Textile, shipping shares rise on talk of lifeline
Denise Tsang and Adam Chen in Shanghai
Shares in textile and shipbuilding companies jumped yesterday on speculation of imminent fresh policies to help revive the labour-intensive industries.
Hong Kong stocks, including cotton fabric maker Weiqiao Textile and shipbuilder Guangzhou Shipyard International, and Shanghai-listed firms - fabric producers Youngor Group and Nanjing Textile as well as the mainland's second-biggest shipbuilding conglomerate China CSSC Holdings - jumped in hectic trading.
Weiqiao soared 13.63 per cent to HK$2.75 while Guangzhou Shipyard gained 7.79 per cent to HK$9.26. CSSC leapt 6.99 per cent to 49.55 yuan while Youngor rose 5.53 per cent to 8.94 yuan.

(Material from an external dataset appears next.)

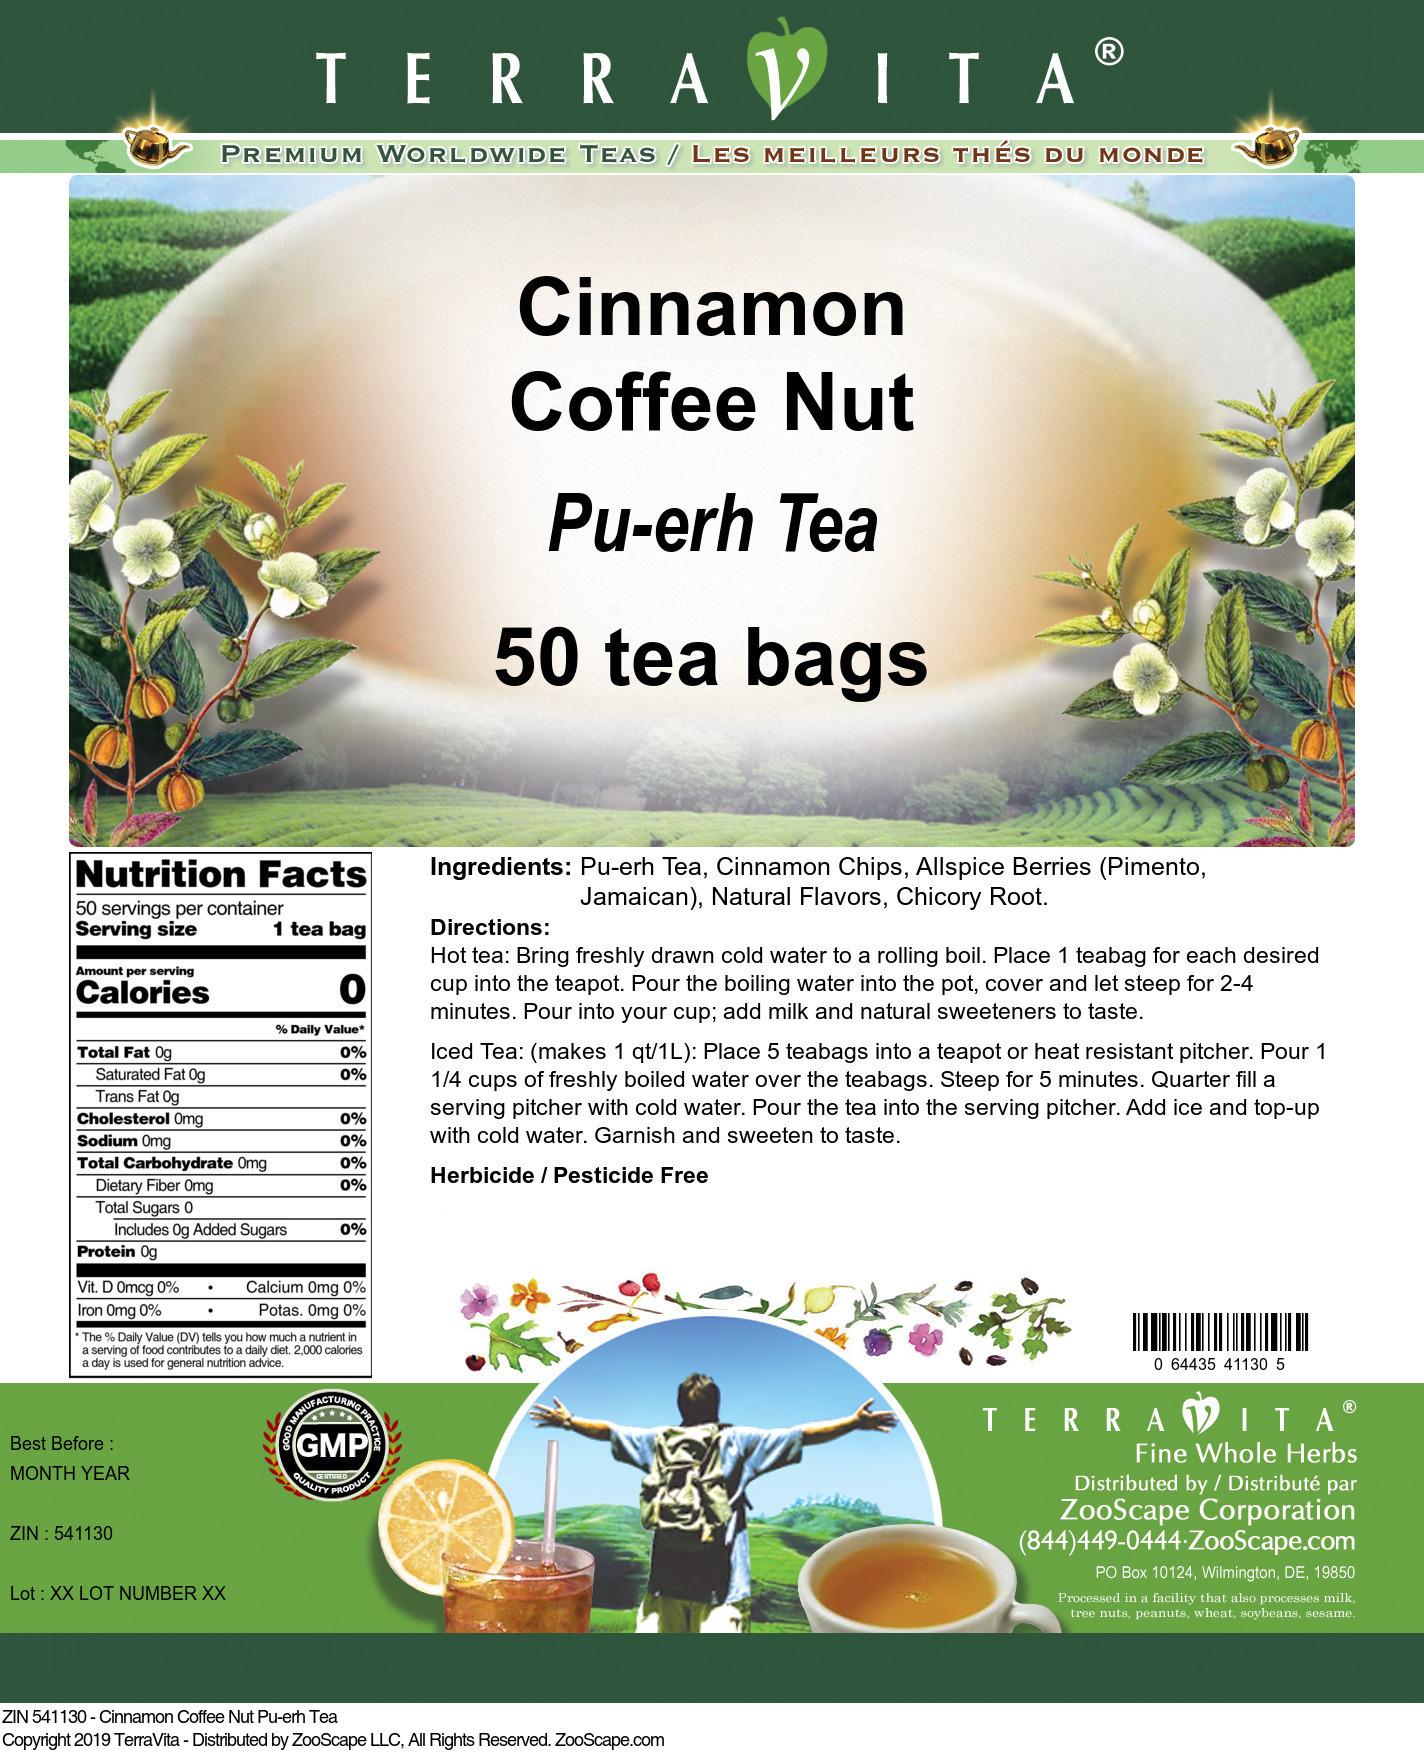 Cinnamon Coffee Nut Pu-erh Tea
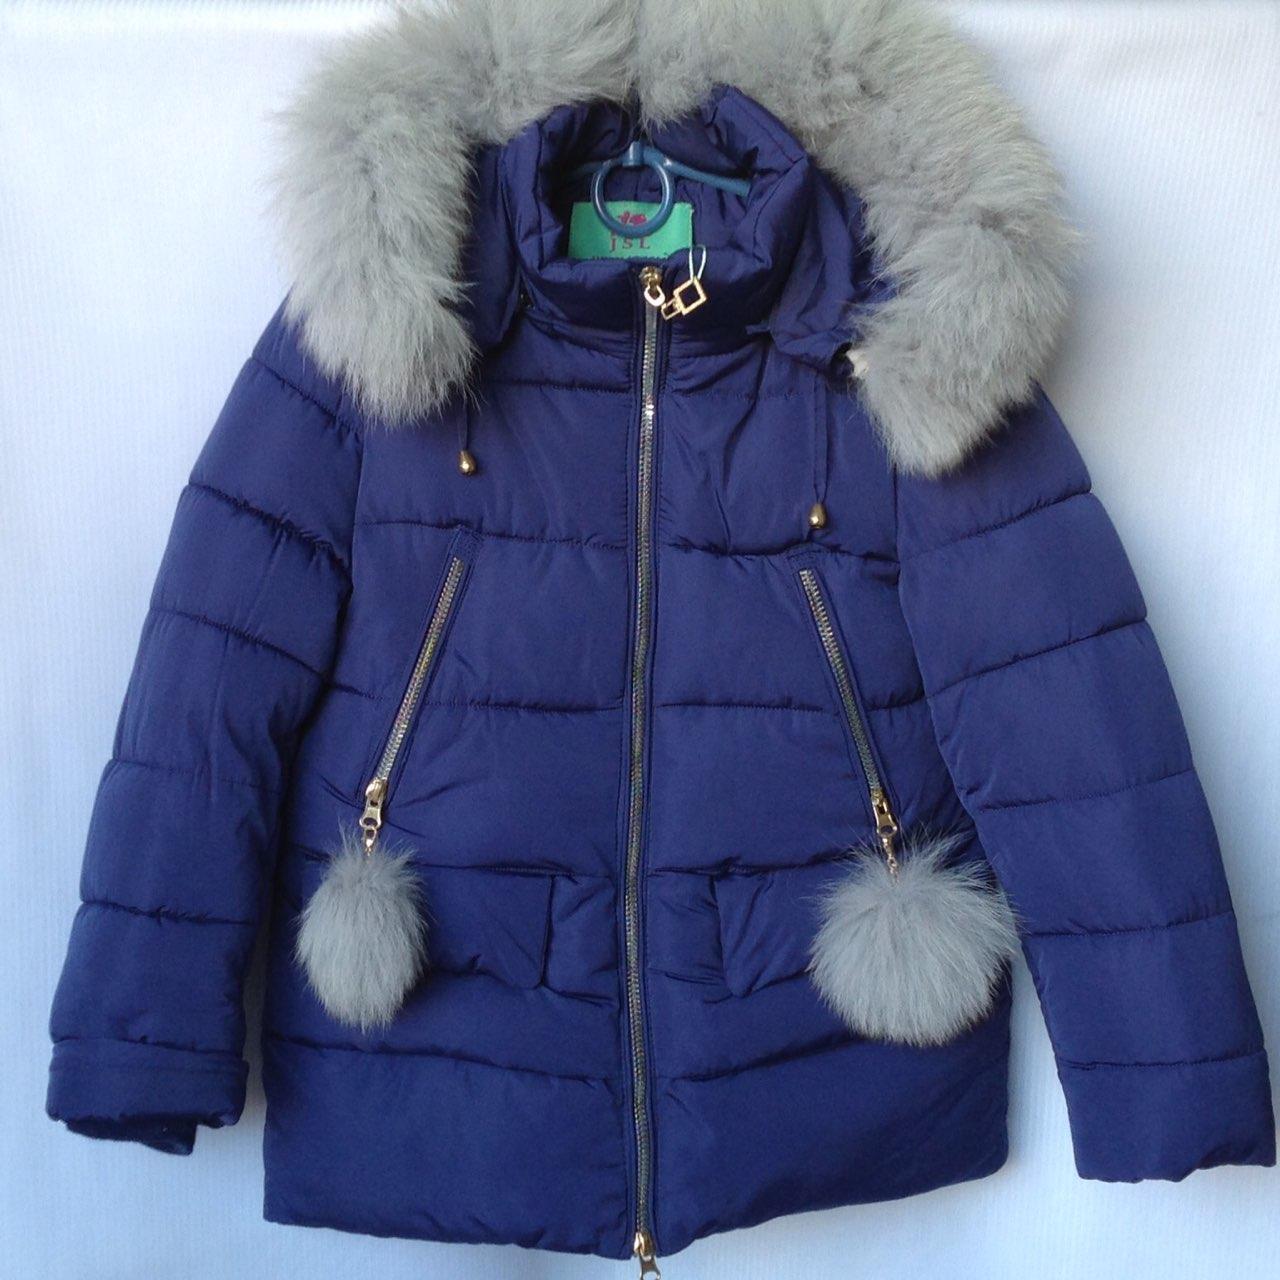 Куртка подростковая зимняя SL #HM-38 для девочек. 128-152 см (8-12 лет). Темно-синяя. Оптом.

The stellar performance came a day before the State Council is due to examine new measures to support the ailing industries.
Mainland press reports say the measures may include higher value-added tax rebates for textile exports and tax incentives for consumption of mainland-made equipment.
Wen Fenghun, the deputy director of the research institute at Jiang Nan Securities, attributed the stock gains to the imminent State Council assessment on rescue measures for nine industries including steel, car-making, petrochemical, light industry, non-ferrous metals and machinery.
He expects trading in these stocks to remain speculative.
Garment exporter Tommy Lam Chin-ming, who produces jackets in Dongguan for export to Europe and the United States, said a higher value-added tax rebate was needed as overseas orders had slowed to a trickle.
He said many European buyers were demanding discounts of as much as 50 per cent, which would undermine profit margins.
He added the global financial downturn took a heavy toll on his customers, which had placed 30 per cent fewer orders with the company so far this year compared with the same period last year.
'If the tax rebate is raised by 1 percentage point to 15 per cent as rumoured, it will be better than nothing,' he said.
Beijing has raised the value-added tax rebate on textile and garment exports twice since August to 14 per cent against a value-added tax of 17 per cent on average.